On August 20, 2021, the Standing Committee of the National People’s Congress adopted the Personal Information Protection Law of the People’s Republic of China (the “Personal Information Protection Law”). The Personal Information Protection Law will become effective on November 1, 2021, and will then, together with the Cybersecurity Law of the People’s Republic of China (the “Cybersecurity Law”) and the Data Security Law of the People’s Republic of China (which will become effective on September 1, 2021, the “Data Security Law”), form the foundation of the data security legal regime of China.
In this article, we will highlight and explain certain provisions of the Personal Information Protection Law which are particularly relevant to cross-border transfer of personal information.
- Extraterritorial Jurisdiction
The Personal Information Protection Law, like the Data Security Law, will apply extraterritorial jurisdiction under certain circumstances.
Article 2 of the Data Security Law provides that those who conduct data processing activities outside the territory of China to the detriment of the national security, public interest or the lawful rights and interests of citizens and organizations of China shall be held legally liable in accordance with the law.
Article 3 of the Personal Information Protection Law specifies three situations under which extraterritorial jurisdiction may be applied, including:
(1) for the purpose of providing products or services to natural persons located domestically;
(2) to analyze and evaluate the behavior of natural persons located domestically;
(3) other situations provided by laws and administrative regulations.
- “Person in Charge” Policy
According to the Personal Information Protection Law, domestic and foreign information processors who process more than a certain amount of information shall be required to have a “person in charge” or “specialized institution and designated representative”.

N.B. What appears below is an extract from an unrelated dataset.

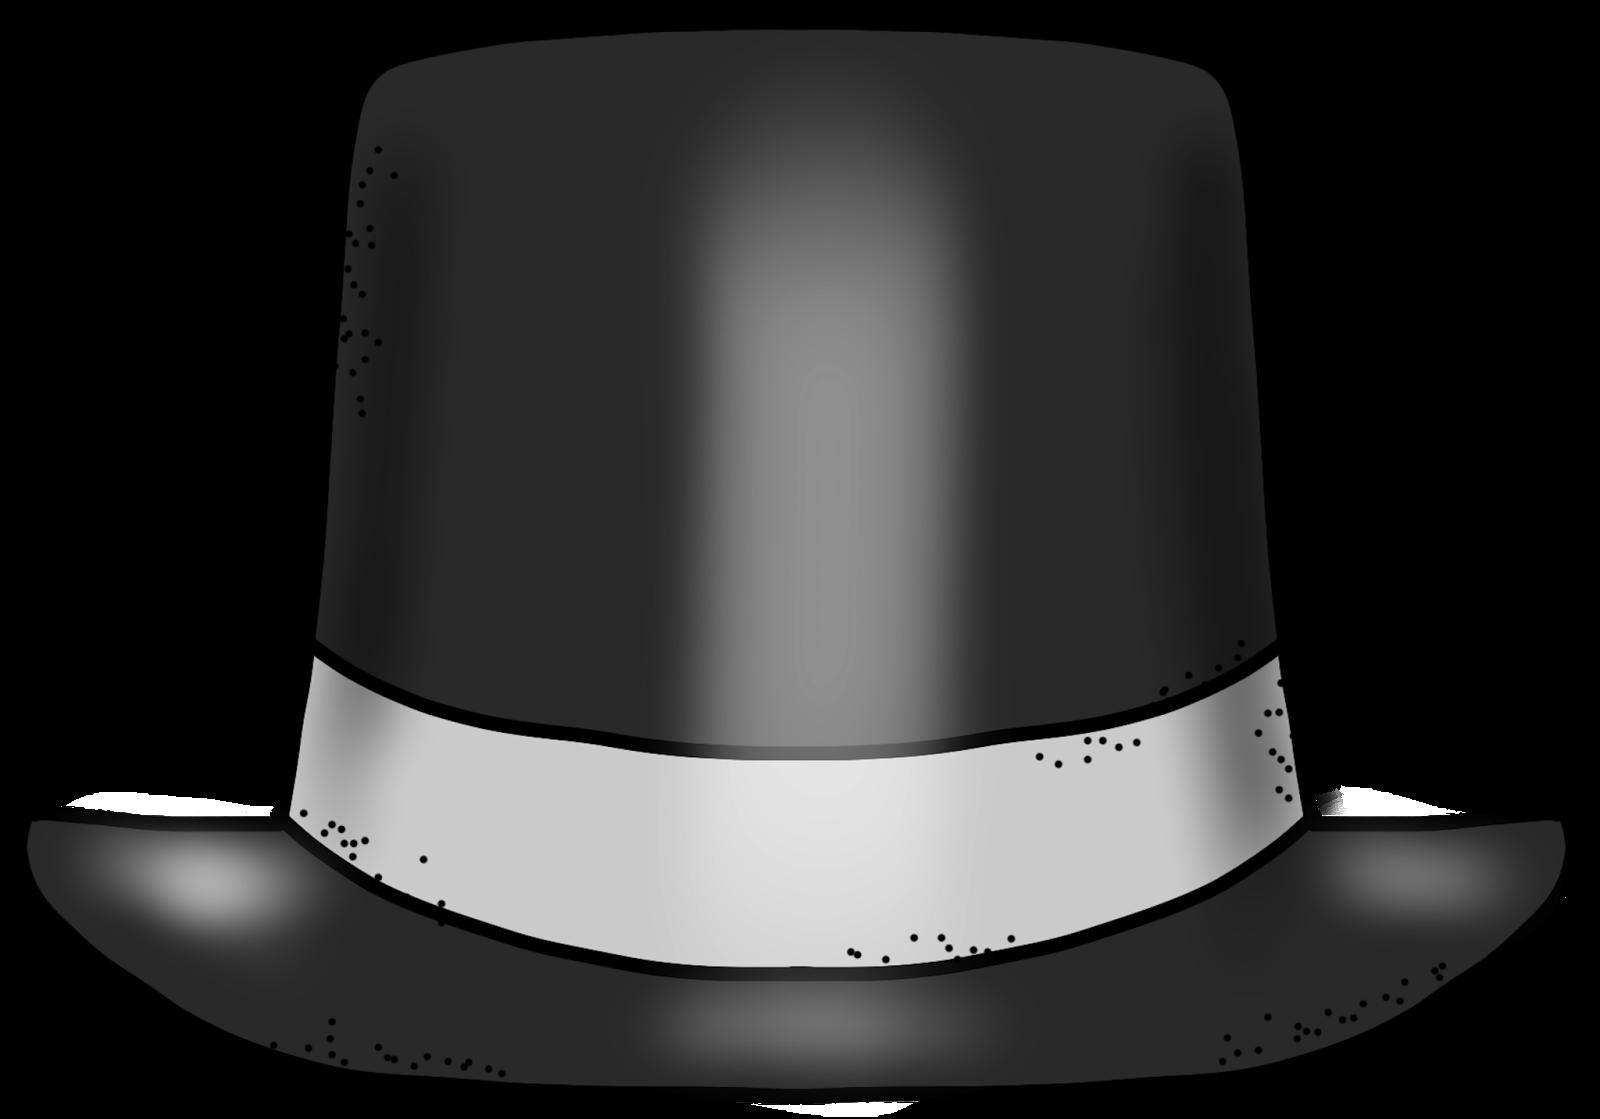 Top Hat Clipart Png - ClipArt Best

Specifically, Article 53 of the Personal Information Protection Law provides that a processor of personal information outside China shall have an institution or a designated representative in China to handle matters related to the protection of personal information, and shall submit the name of the institution or the name and contact information of the representative to the relevant government authority.
- Cross-Border Transmission and Security Assessment
The Personal Information Protection Law prohibits cross-border transmission of personal information by an entity, except when one of the conditions listed in Article 38 thereof is met; such conditions include:
(1) such entity has passed the security assessment organized by the relevant government authority;
(2) such entity has received the personal information protection certification of professional institutions;
(3) such entity has entered into a contract with the overseas recipient of the personal information in accordance with the standard contract formulated by the relevant government authority, specifying the rights and obligations of both parties;
(4) such entity has met other conditions specified by laws, administrative regulations or the relevant government authority.
Notwithstanding the above, it should be noted that when the processor of the personal information falls into the definition of “the operator of key information infrastructure” or the amount of personal information processed reaches certain thresholds specified by the relevant government authority, the first condition listed above will be a mandatory requirement (i.e. such entity must pass the security assessment).
- Sanction List
Section III of the Personal Information Protection Law states that if a foreign organization or individual is engaged in personal information processing activities that infringe on the rights and interests of the citizens of China or endanger the national security or public interests of China, the relevant government authority may include them in “a list of persons who are restricted or prohibited for personal information transmission”, and take measures to restrict or prohibit providing personal information to them.
All in all, the publication of the Personal Information Protection Law will undoubtedly have a profound impact on the personal information protection practices of the Internet industry, information technology industry, and other industries that process and store personal information. It will also bring new challenges to multinational companies and we expect that the ability to stay compliant with the Personal Information Protection Law will become an important corporate governance goal for multinational in China and even globally.